By now, Americans are all too familiar with the awful conditions in which immigrants at U.S. border facilities are being detained.

Overcrowding, inadequate food supplies, poor or nonexistent access to health care, unavailability of hygiene supplies and lack of proper bedding are among the conditions that have been reported and verified by government inspectors and doctors who toured facilities.

How substandard are these facilities? For the answer, compare the conditions as described by detainees and doctors (in written testimony for a lawsuit) with Geneva Conventions requirements for treatment of prisoners of war.

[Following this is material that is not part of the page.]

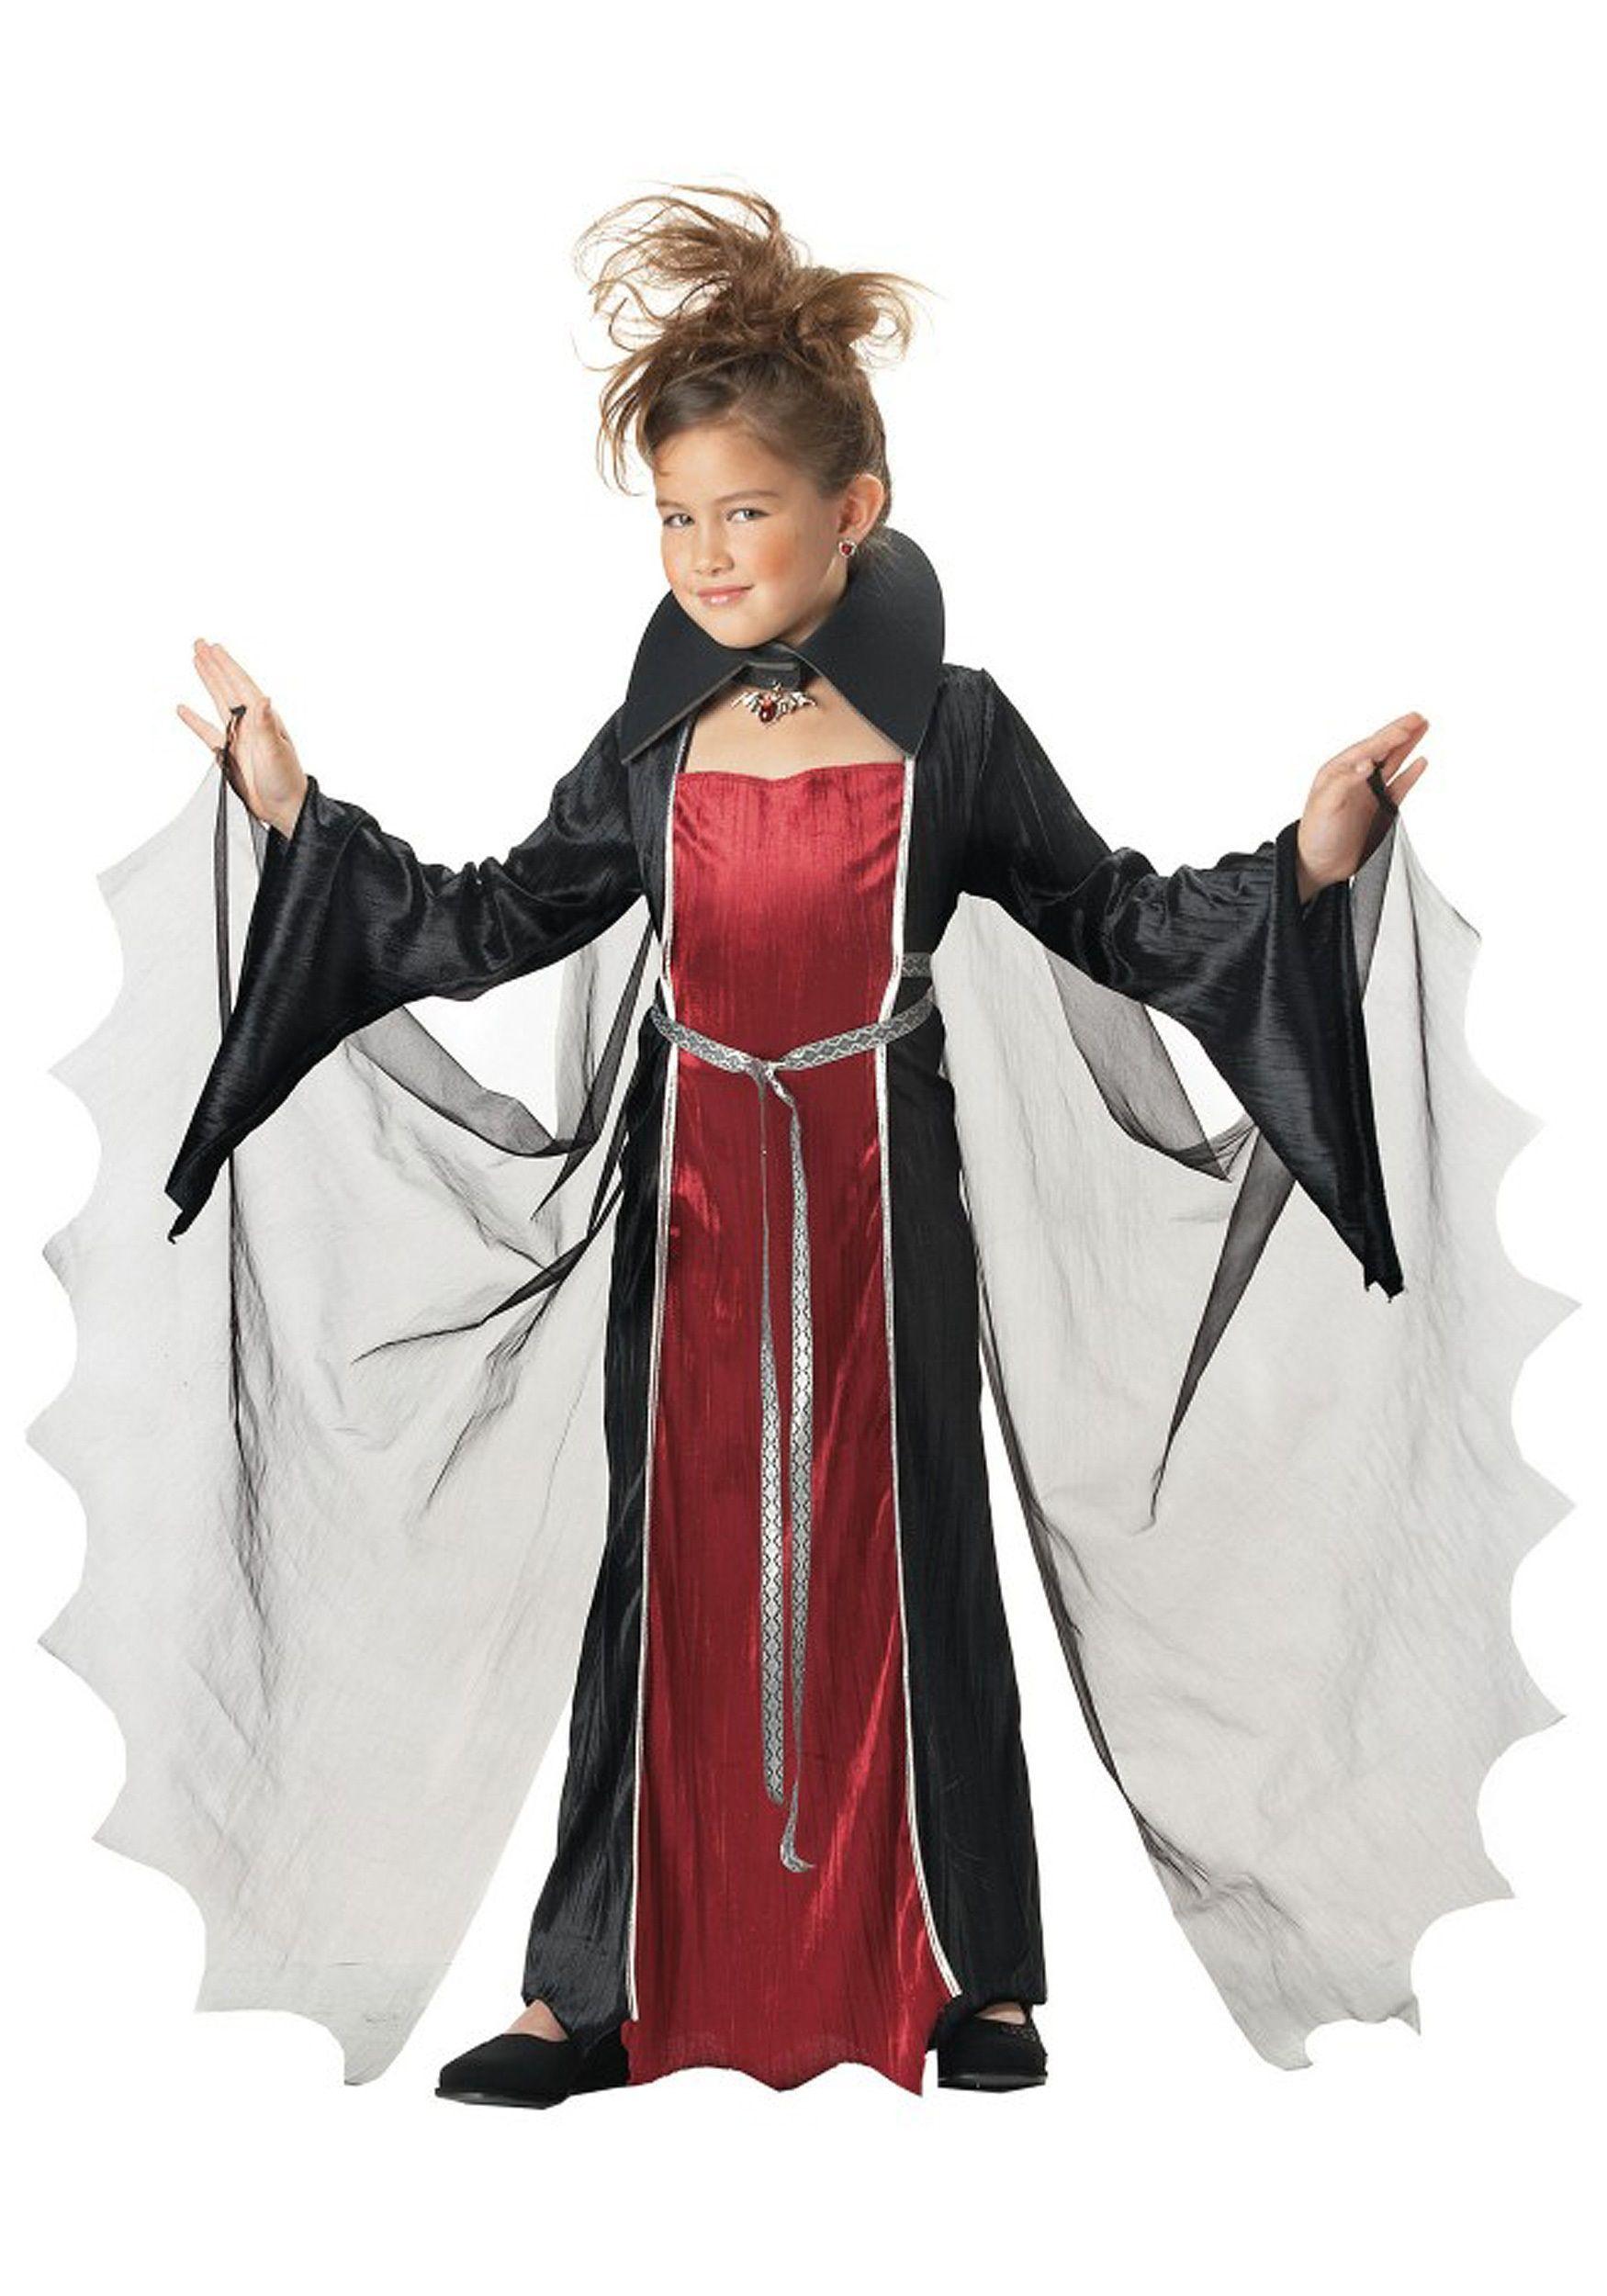 Girls Vampire Costume | Girls vampire costume, Vampire costumes ...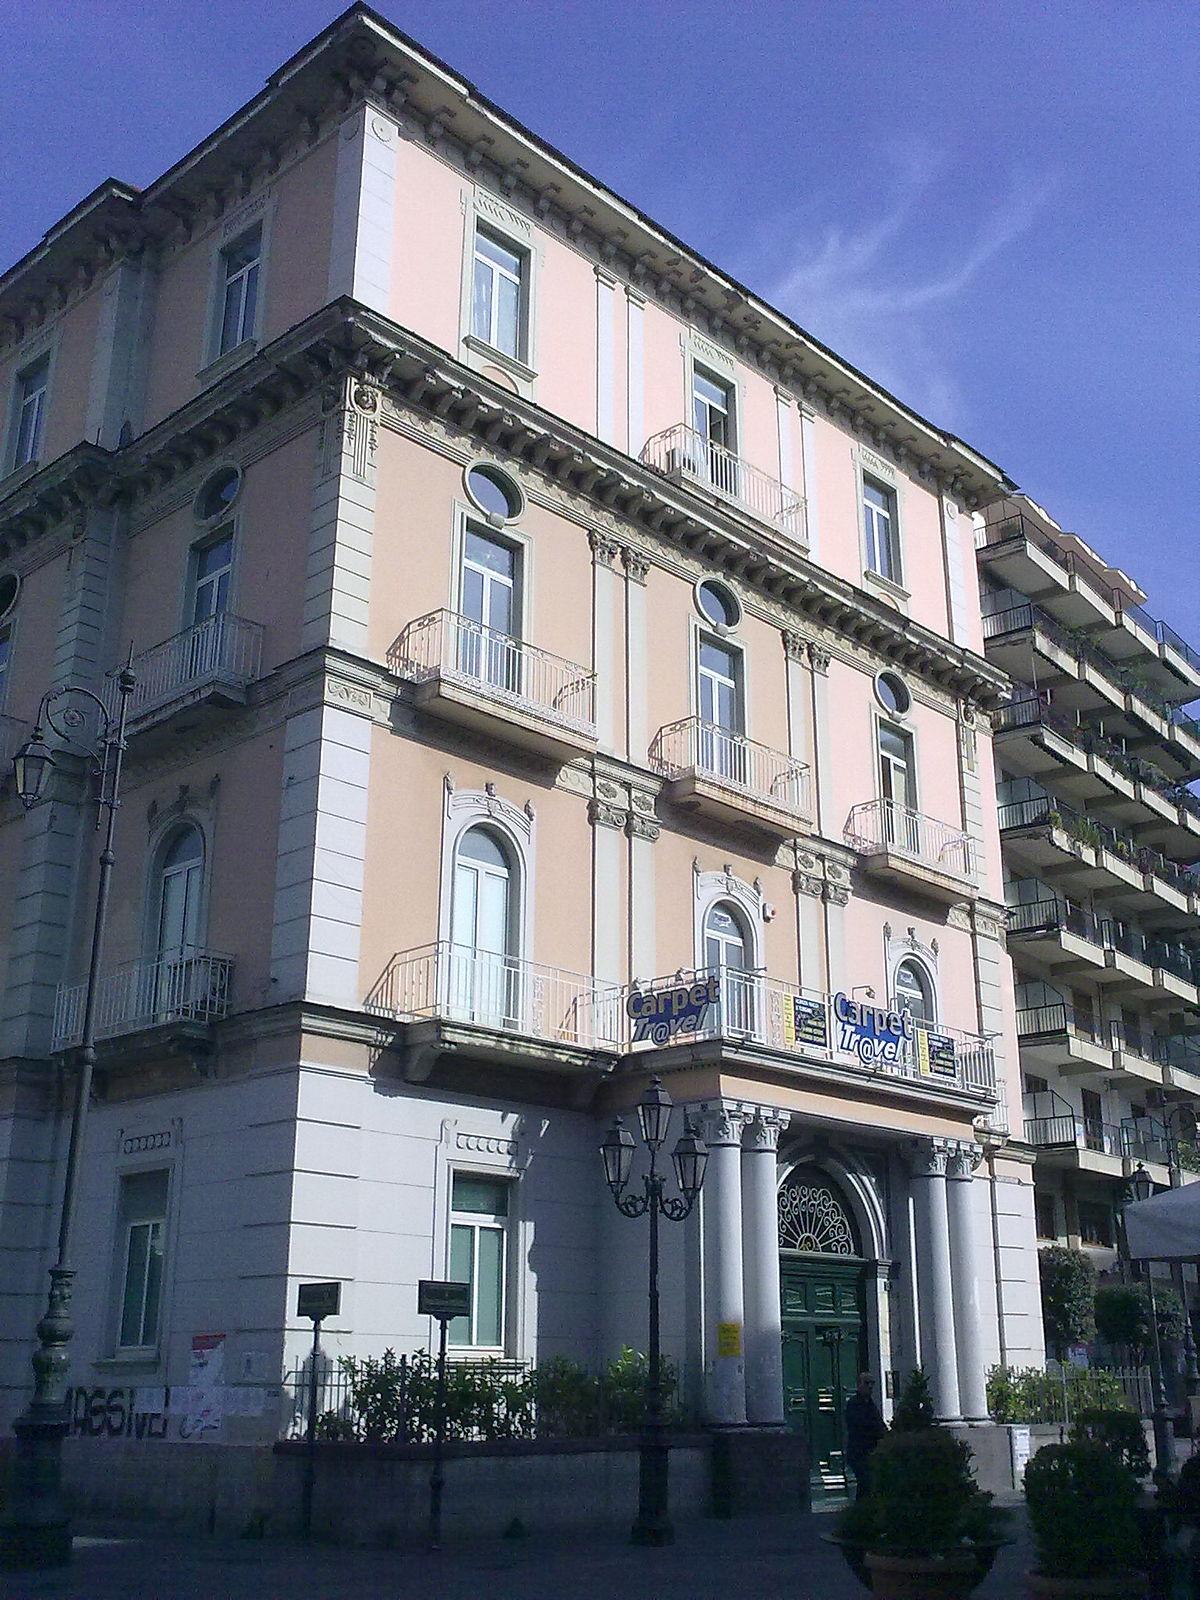 Palazzo gabola wikipedia for Palazzo a 4 piani

“I’m hungry here at Clint all the time,” a 12-year-old from Guatemala told lawyers about the detention facility in Clint, Texas. “I’m so hungry that I’ve woken up in the middle of the night with hunger. Sometimes I wake up from hunger at 4 a.m., sometimes at other hours. I’m too scared to ask the officials here for any more food, even though there is not enough food here for me.”

Chapter II (quarters, food and clothing), Article 26:“The basic daily food rations shall be sufficient in quantity, quality and variety to keep prisoners of war in good health and to prevent loss of weight or the development of nutritional deficiencies. Account shall also be taken of the habitual diet of the prisoners.”


“I have had a cold and cough for several days,” said a 5-year-old girl from Honduras who was also detained at the Clint facility and had been separated from her father. “I have not seen a doctor and I have not been given any medicine.”

Chapter III (hygiene and medical attention), Article 30: “Every camp shall have an adequate infirmary where prisoners of war may have the attention they require, as well as appropriate diet. Isolation wards shall, if necessary, be set aside for cases of contagious or mental disease.”


“There were more than 200 of us in a single cage — seated on the floor, standing, however we could fit,” a 33-year-old man from Honduras told the Texas Tribune about the McAllen, Texas, detention facility. He described detainees gagging and vomiting over the smell coming from overflowing toilets. “The bathrooms are full, they aren’t cleaning them regularly,” he said.

Chapter III (hygiene and medical attention), Article 29: “The Detaining Power shall be bound to take all sanitary measures necessary to ensure the cleanliness and healthfulness of camps and to prevent epidemics.”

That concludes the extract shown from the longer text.